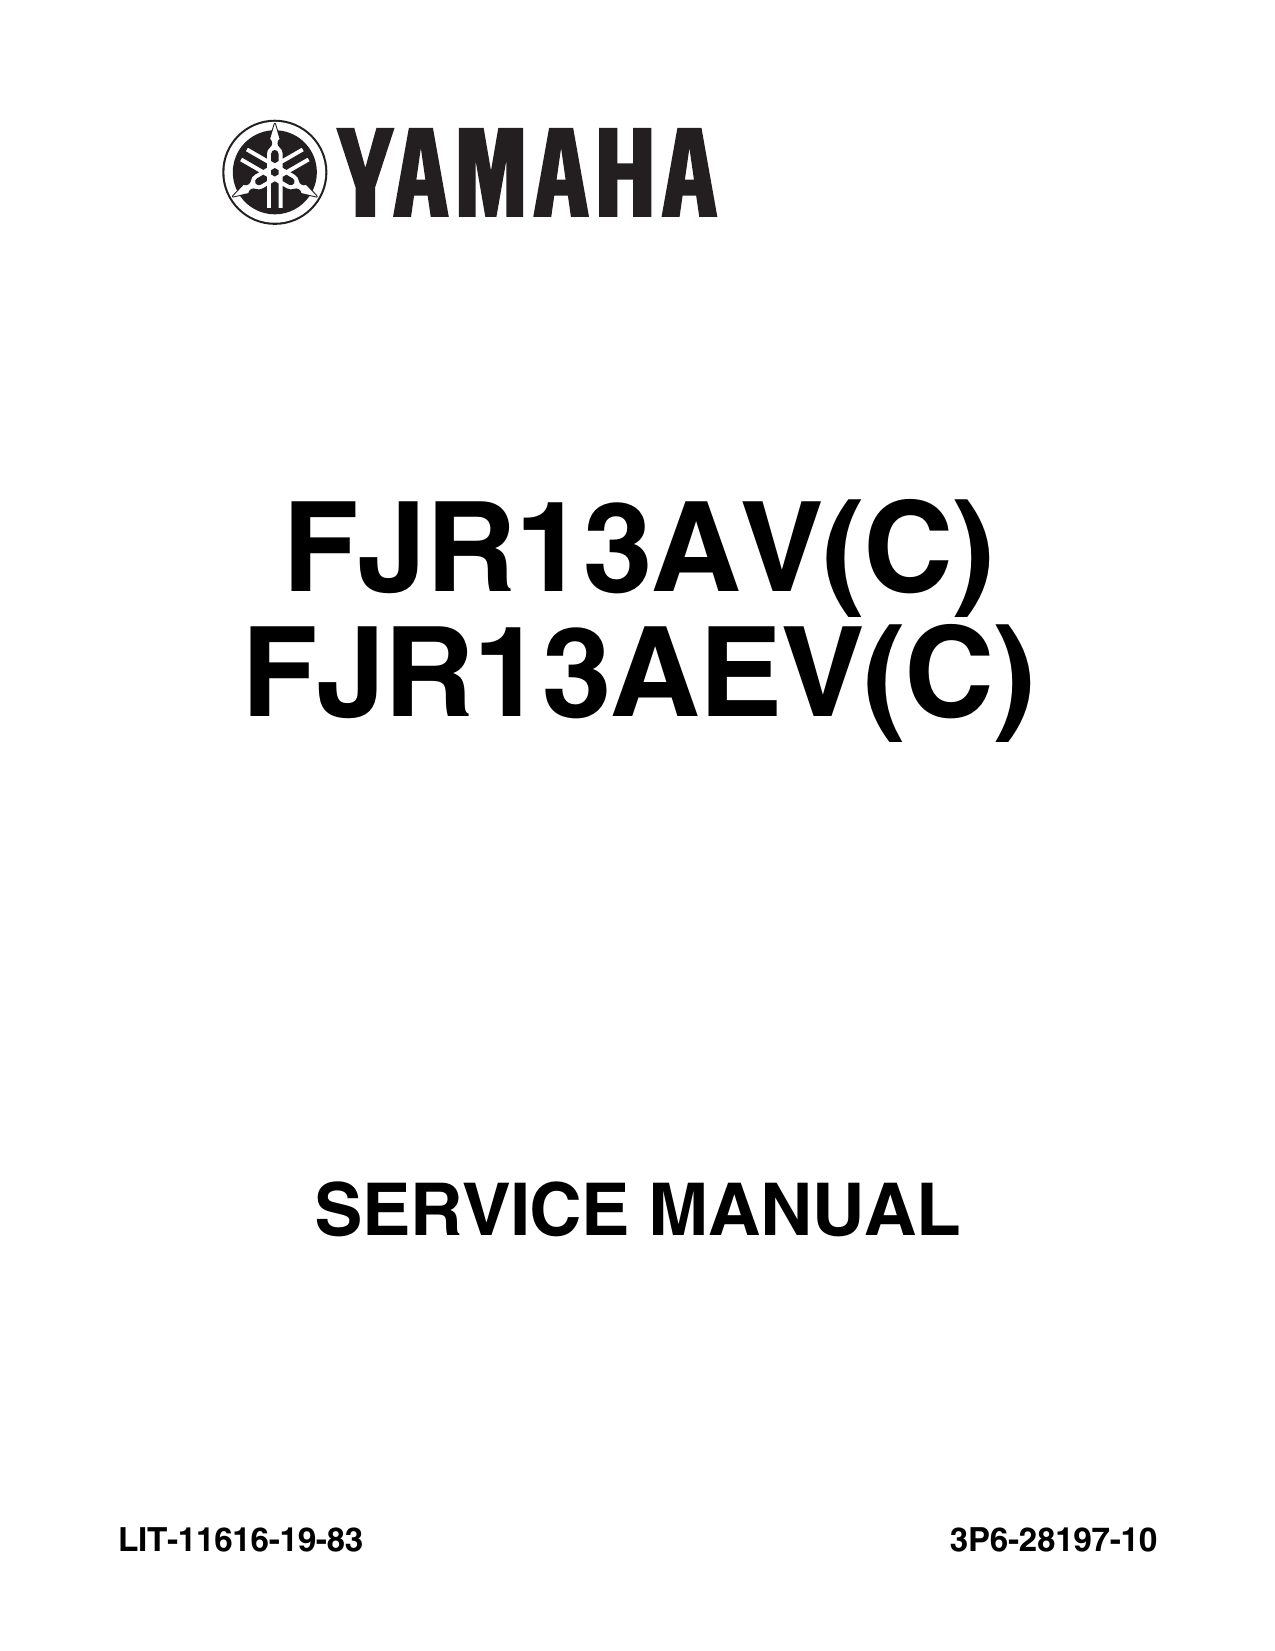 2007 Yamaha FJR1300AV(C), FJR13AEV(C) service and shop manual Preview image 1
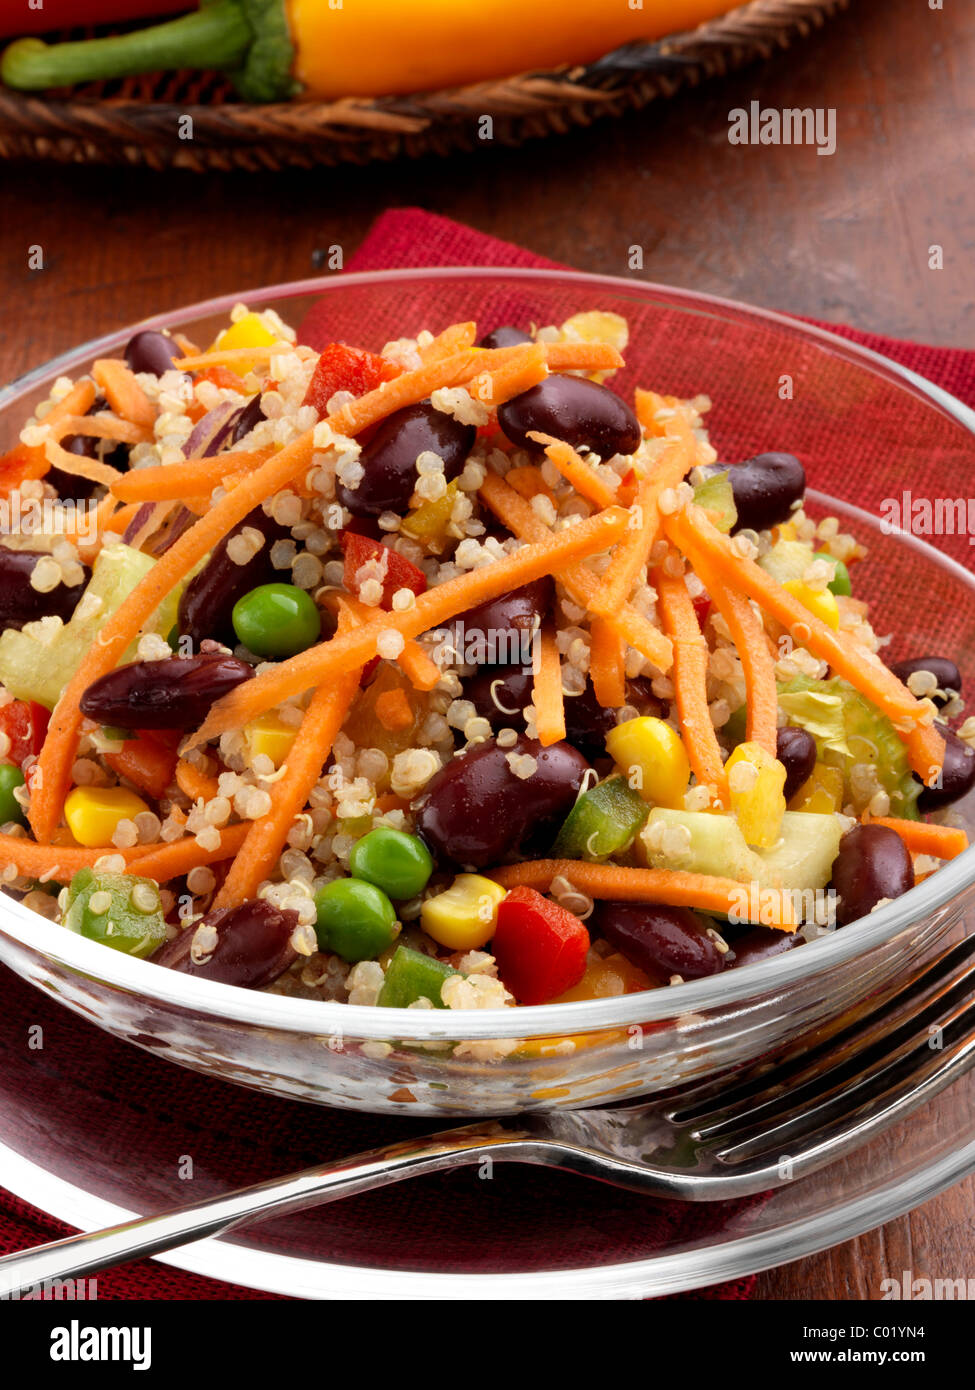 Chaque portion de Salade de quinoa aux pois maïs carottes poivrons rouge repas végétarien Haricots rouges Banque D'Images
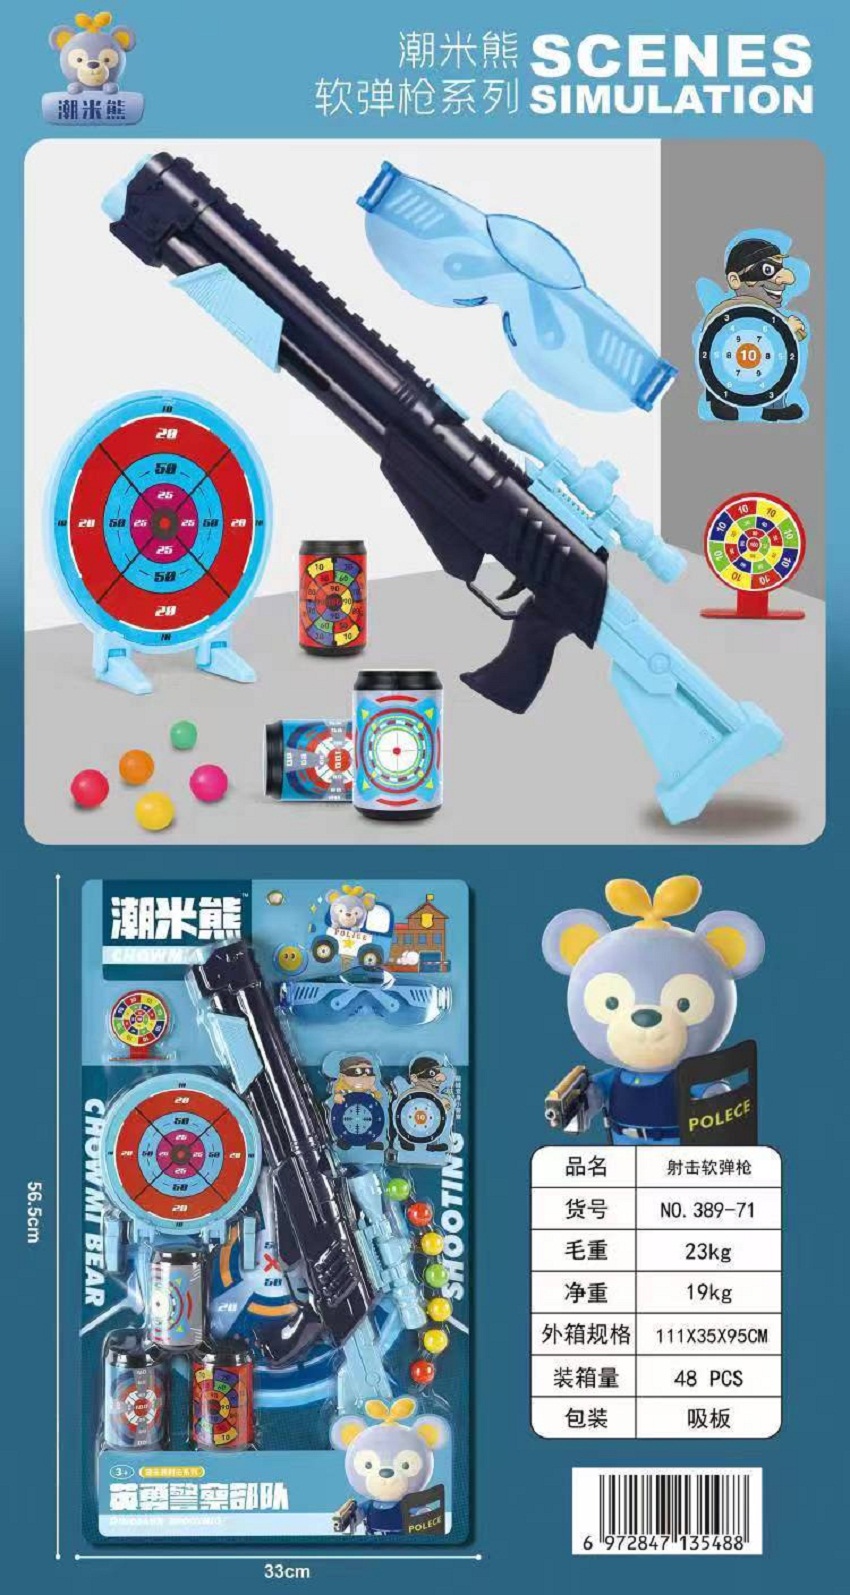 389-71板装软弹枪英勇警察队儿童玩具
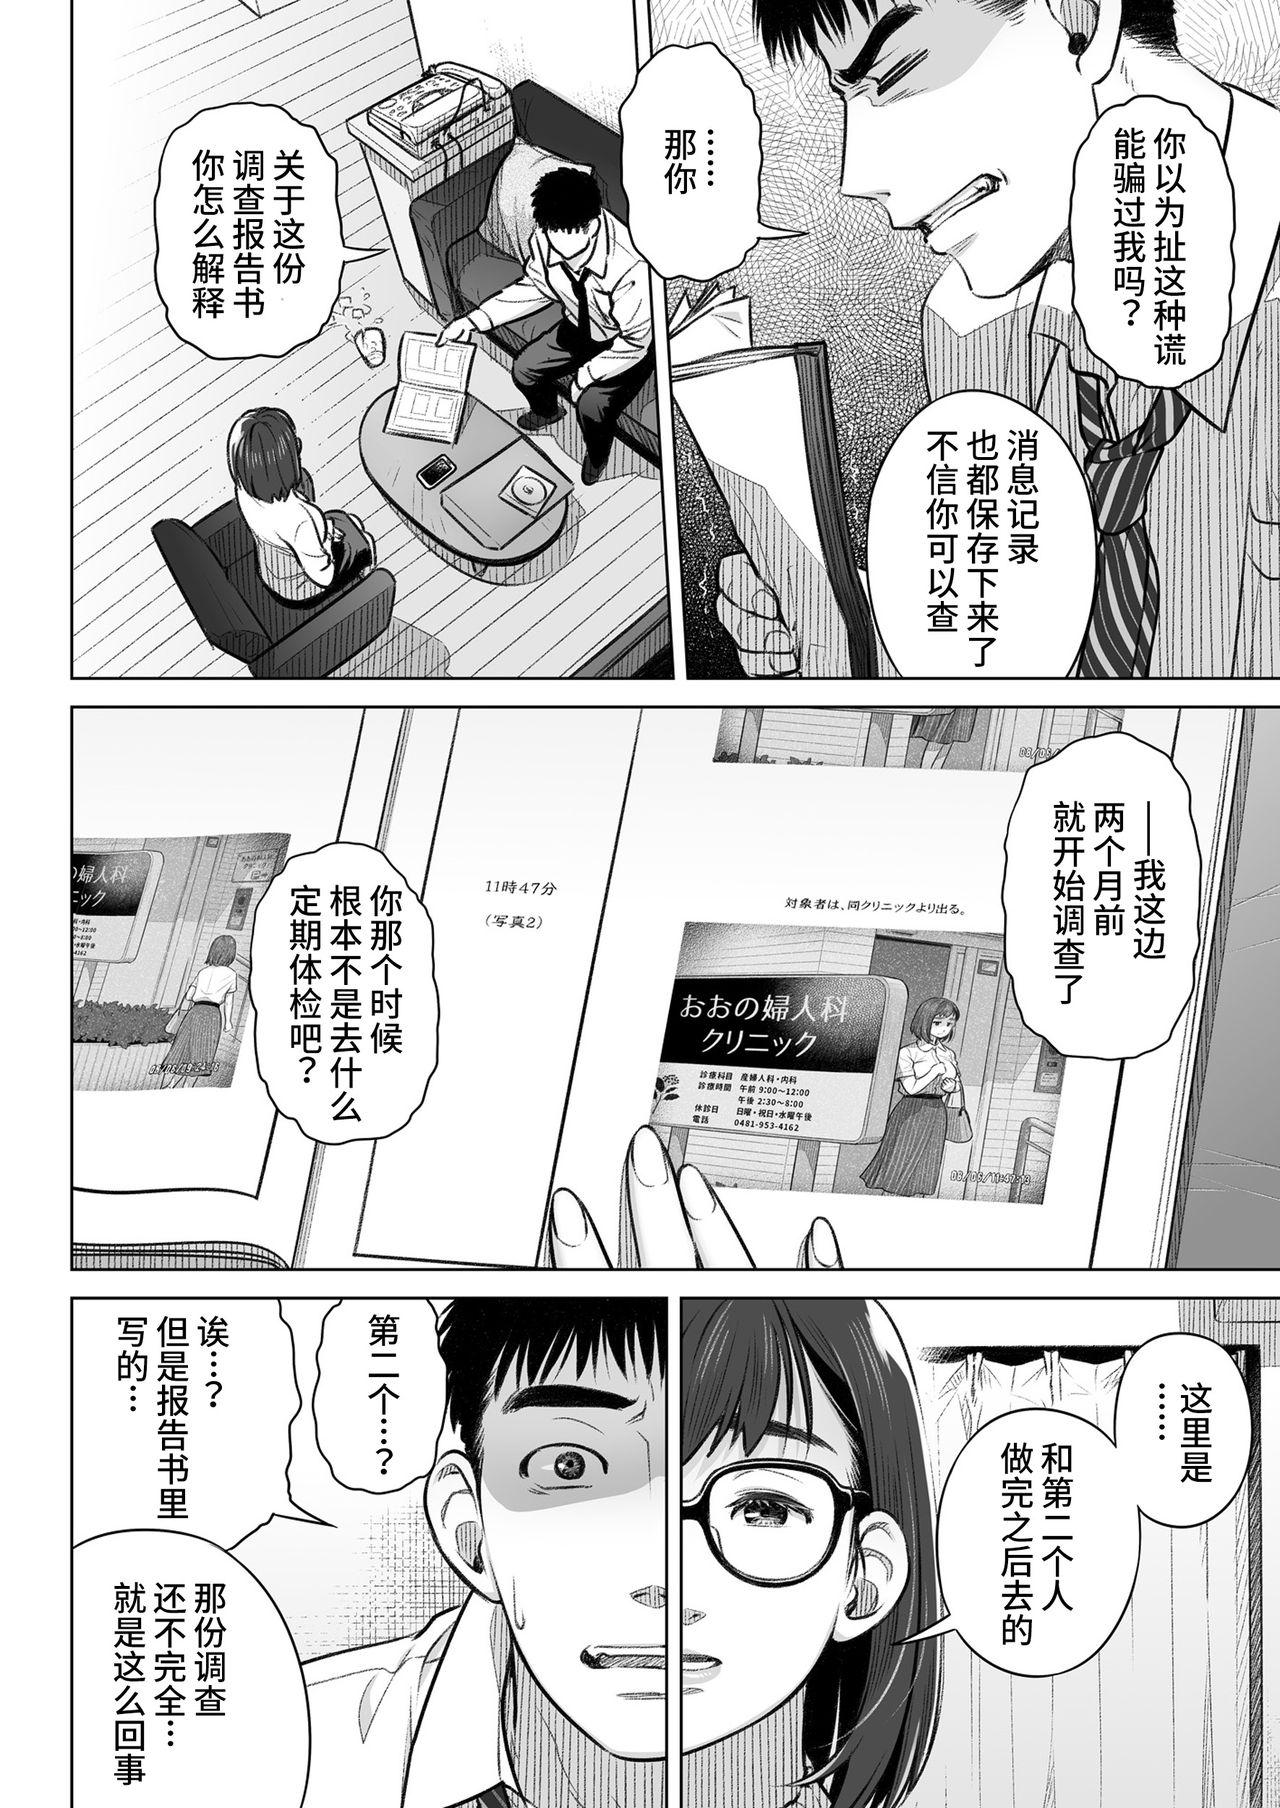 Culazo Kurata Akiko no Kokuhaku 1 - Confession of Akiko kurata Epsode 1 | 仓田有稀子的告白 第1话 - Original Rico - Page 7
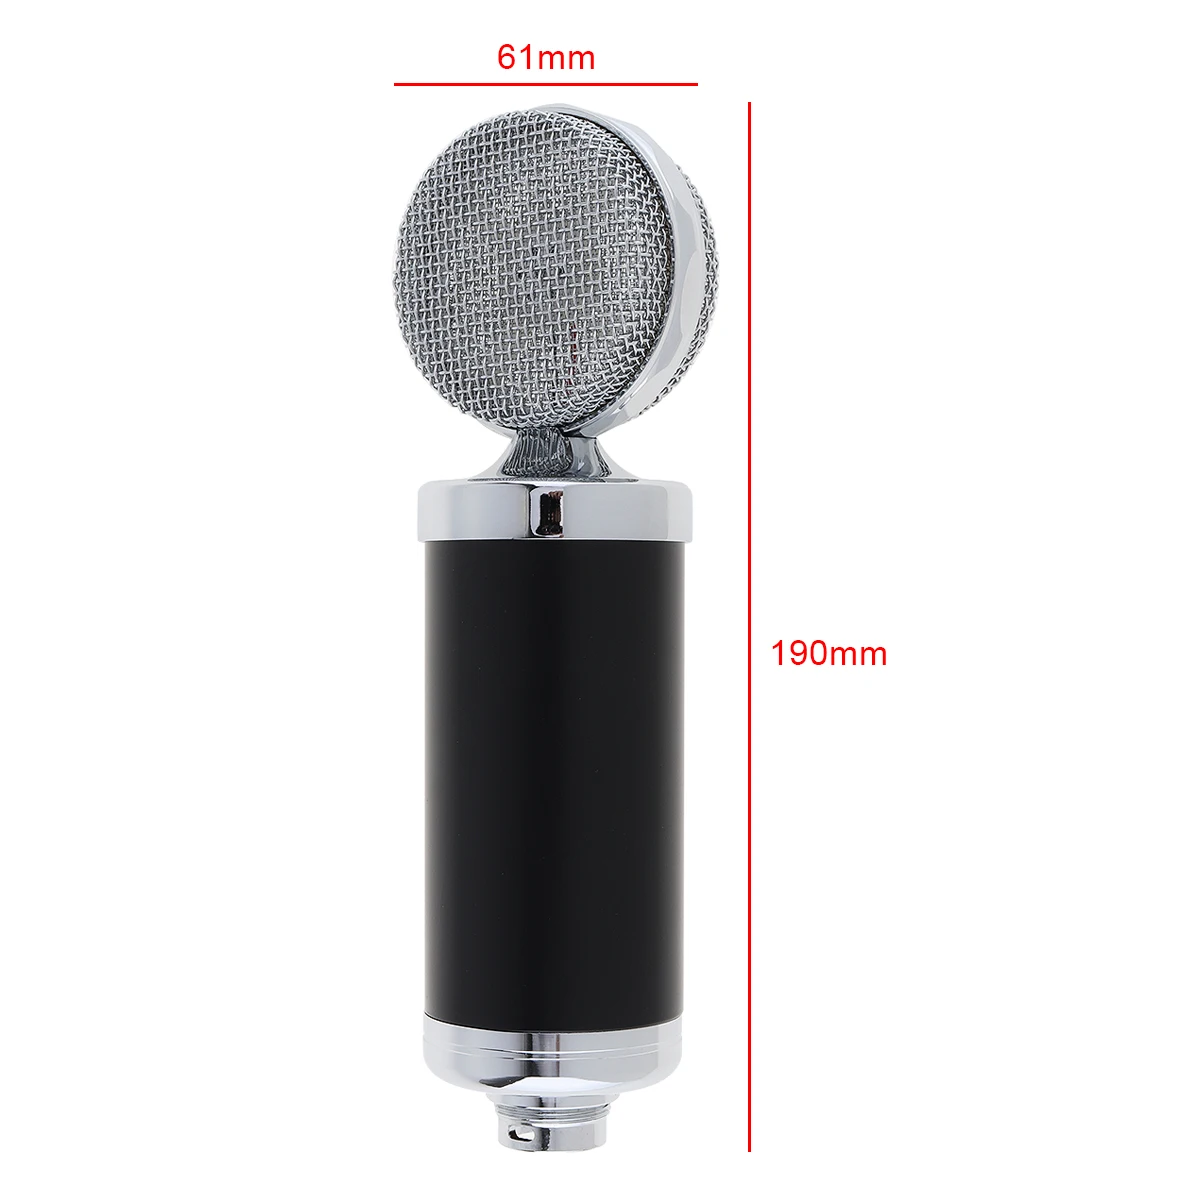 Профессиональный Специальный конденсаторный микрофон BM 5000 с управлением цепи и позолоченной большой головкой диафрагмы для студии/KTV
═══
What you should do
Every line above is to be duplicated exactly; no picture should be carried over.

Solution for this exercise
 2007 Yamaha FJR1300AV(C), FJR13AEV(C) service and shop manual Preview image 1
 Chaque portion de Salade de quinoa aux pois maïs carottes poivrons rouge repas végétarien Haricots rouges Banque D'Images
 389-71板装软弹枪英勇警察队儿童玩具
 Culazo Kurata Akiko no Kokuhaku 1 - Confession of Akiko kurata Epsode 1 | 仓田有稀子的告白 第1话 - Original Rico - Page 7
 Профессиональный Специальный конденсаторный микрофон BM 5000 с управлением цепи и позолоченной большой головкой диафрагмы для студии/KTV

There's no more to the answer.